The European Commission finances with more than 10 million euros a project to develop new technological processes for the recovery of critical raw materials contained in electric vehicle batteries, through the Horizon Europe programme. A consortium of 18 partners from seven countries will develop this project, known as BATRAW, which is of strategic importance for the EU in reducing its dependence on imports of these critical raw materials, as well as being able to guarantee a stable supply chain in view of the expected growth of the electric mobility market in Europe in the coming years.
The 4-year project is aligned with the objectives of the proposed EU Regulation on batteries and waste batteries. This regulation, now under discussion, would require all batteries placed on the EU market, including those for electric and hybrid vehicles to be managed in a sustainable manner at the end of their useful life and serve as a source of secondary raw materials for sectors such as the automotive and renewable energy and low-carbon technologies.
The BATRAW project includes two tests with electric vehicle batteries, but these can be extended, depending on the results, to other types of batteries, including domestic batteries, to recover all the metals and materials contained in them, i.e. cobalt, nickel, manganese, lithium, graphite, aluminium, and copper. Key information captured during the project will be made accessible to all stakeholders via a digital battery passport, stored on the Minespider blockchain. For further information see the IDTechEx report on The Li-ion Battery Supply Chain 2020-2030.
The first pilot will take place at Pamplona (Spain) and hosted by BeePlanet. It will apply semi-automated processes to the handling of these batteries to separate up to 95% of their components, including cells and modules suitable for reuse. The second pilot will be implemented at Bessines sur Gartempe (France) at the Orano facility. It will implement a mechanical pre-treatment and hydrometallurgical technology to improve the separation of the materials contained in the so-called black mass (a substance composed of non-ferrous metals resulting from the shredding of the batteries), to separate between 90%-98% of the graphite, aluminium, and copper.
The project, which kicked off on 1st May with the first consortium meeting, includes a first phase focused on the development of eco-design guidelines that favour the repair and dismantling of batteries, as well as best practices for the safe handling and transport of these wastes. The project will also create a prototype battery from the recovered raw materials and a digital battery passport to capture and communicate key information throughout the battery life-cycle, including the sourcing, processing, (re-)use and recycling of components. In a final phase, the partners will analyse the feasibility of a business plan for the EU-wide exploitation of these new battery dismantling and recycling processes. Policy recommendations based on the project's results to feed ongoing regulatory developments will also be produced.

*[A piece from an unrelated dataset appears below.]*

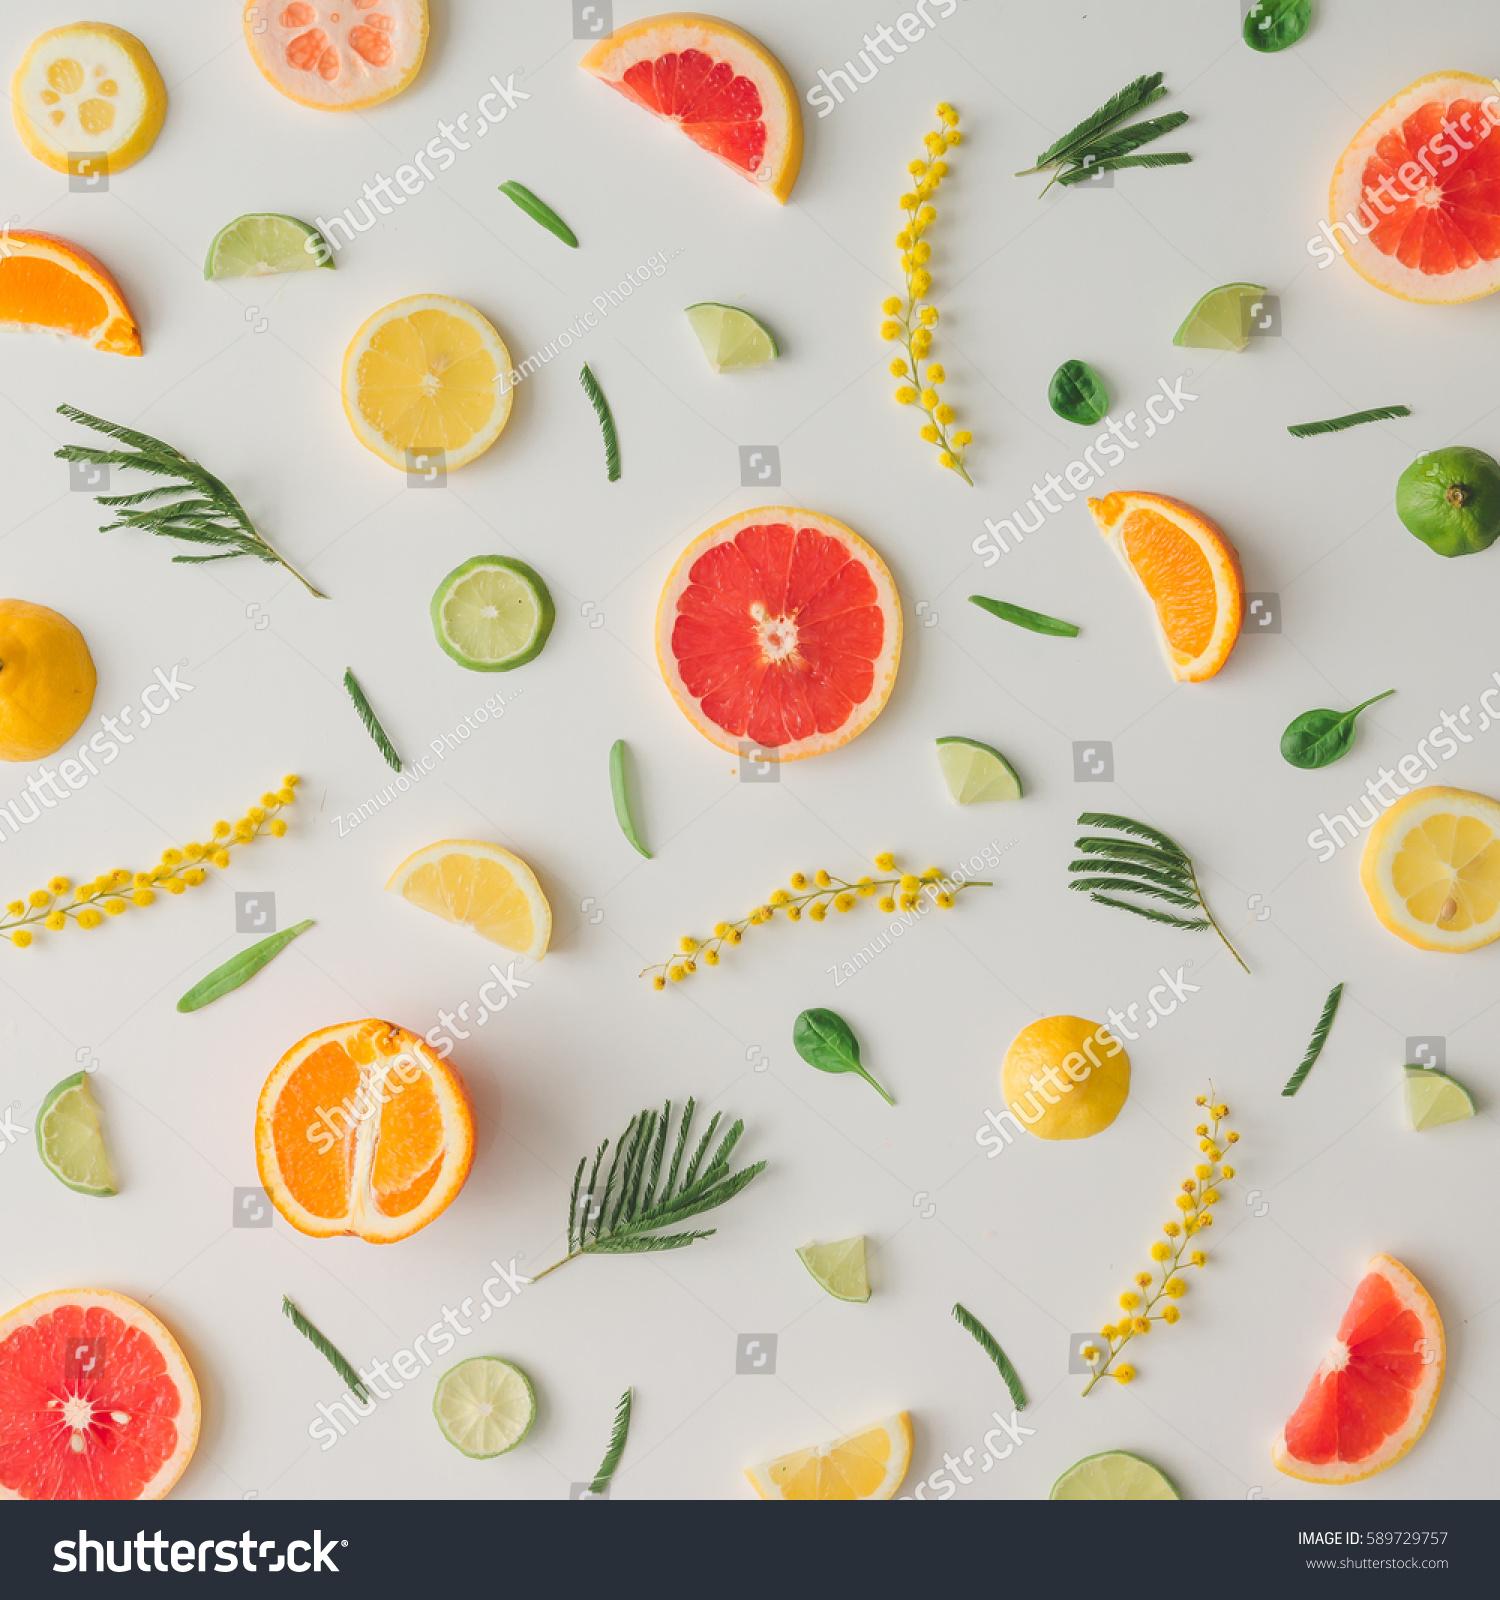 Colorful Food Pattern Made Lemon Orange Stock Photo ...
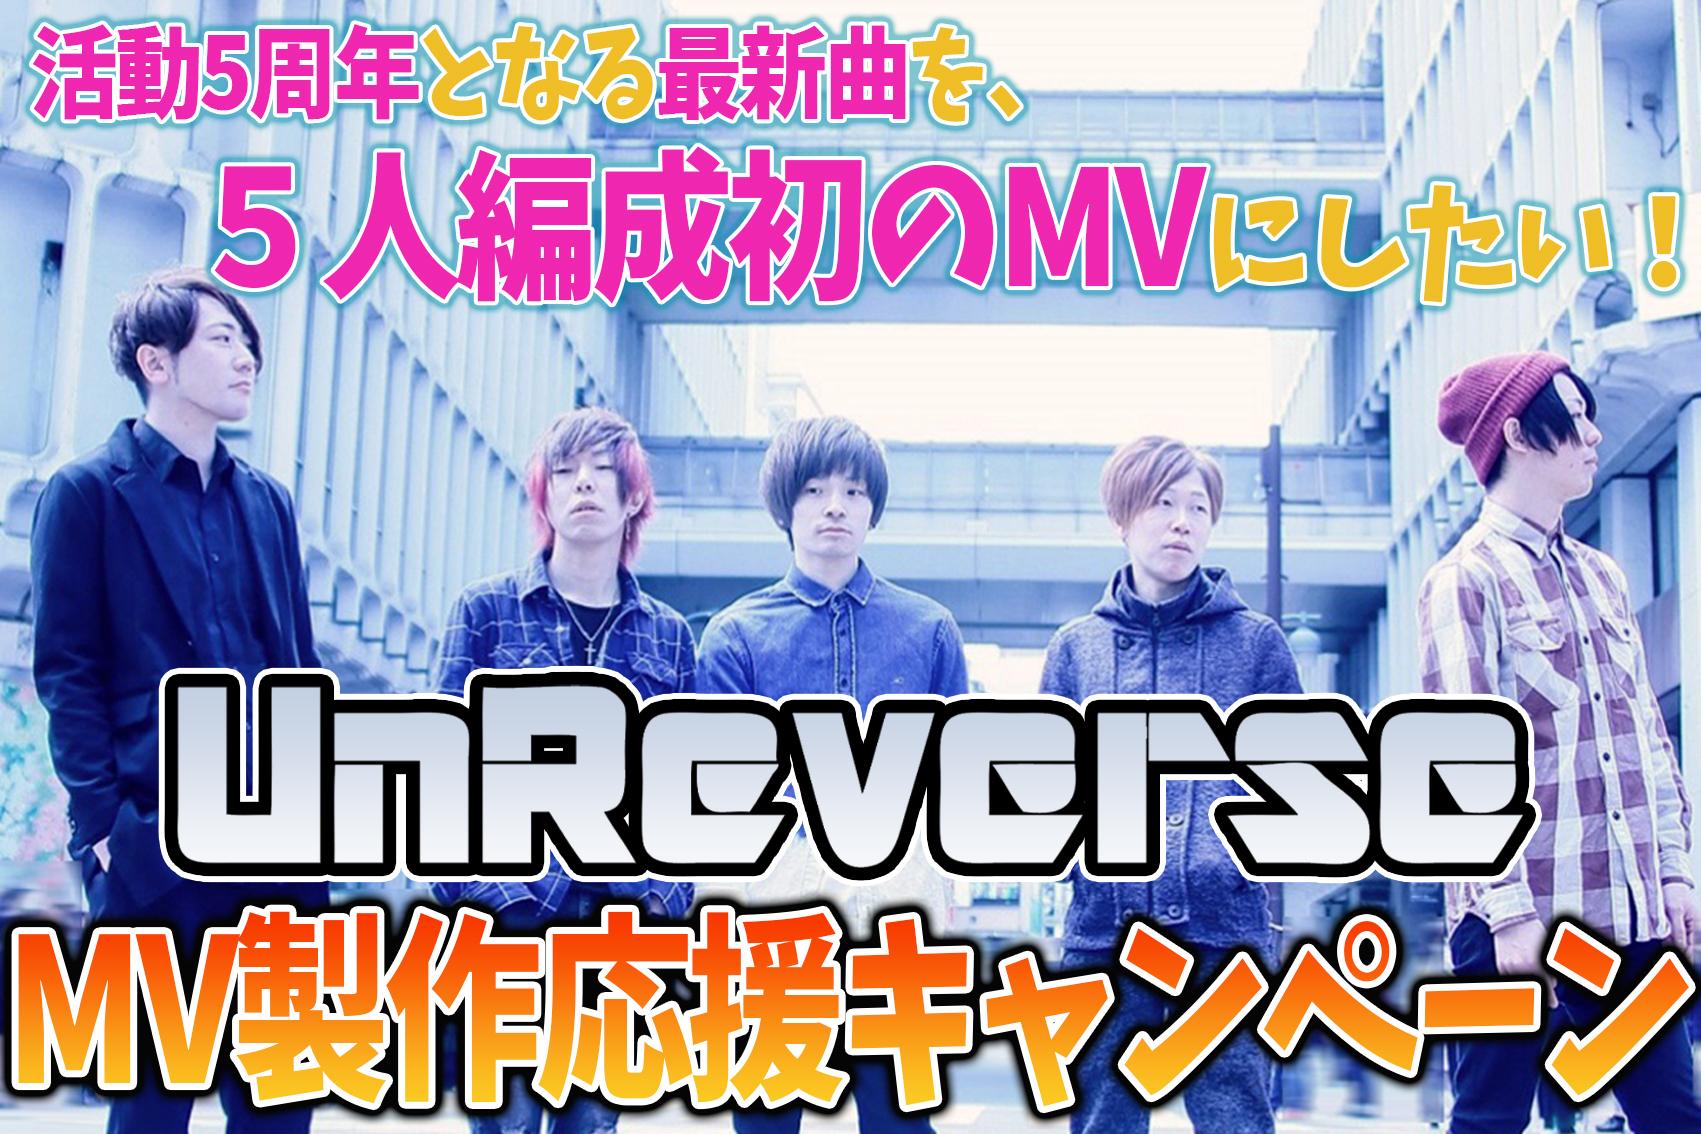 【UnReverse】活動5周年となる最新曲を、5人編成初のMVにしたい!MV製作応援キャンペーン

A word from the coordination team of BATRAW: "We're excited to help guide such an important project that helps tackle this societal challenge. The macrotrend of increased battery use, particularly in the mobility sector represents a huge challenge in the push to create a more circular Europe. The EU has a great opportunity to become a global leader in battery dismantling and recycling."
The consortium lead by Acondicionamiento Tarrasense Asociación (Leitat) (Spain), also includes BeePlanet Factory (Spain), Centre for European Policy Studies (Belgium), Centro De Experimentación y Seguridad Vial Mapfre (Spain), Comanai (Spain), Commissariat a l energie atomique et aux energies alternatives (CEA) (France), Fraunhofer Gesellschaft zur Förderung der angewandten Forschung e.V. (Germany), Ford Otomotiv Sanayi (Turkey), Indumetal Recycling (Spain), Isle Utilities (The Netherlands), Minespider (Germany), MTB Manufacturing (France), Orano (France), POSCO Holdings (South Korea) Recyclia (Spain), Renault (France), Technische Universitaet Braunschweig (Germany) and Torrecid (Spain).
The BATRAW project has a total budget of 13,212,811 million euros of which 10,236,986 euros are financed by the European Commission in the Horizon Europe framework programme, the EU's main funding programme for research and innovation for 2021-2027.
Minespider's role in the project is focused around creating a Battery Passport on the blockchain and supporting the companies involved to manage data and collaborate better. It includes:
- Using Minespider's existing innovative blockchain-based software infrastructure to track, collect, assess, and share relevant data along battery supply chains and recycling loops efficiently, in a way that facilitates the collaboration of participants along the supply chain and that can balance the individual needs of confidentiality and transparency.
- Demonstrating a blockchain platform for raw materials, product, and supply chain tracking within the scope of ongoing EC efforts and legislations on supply chain transparency and Battery Passport.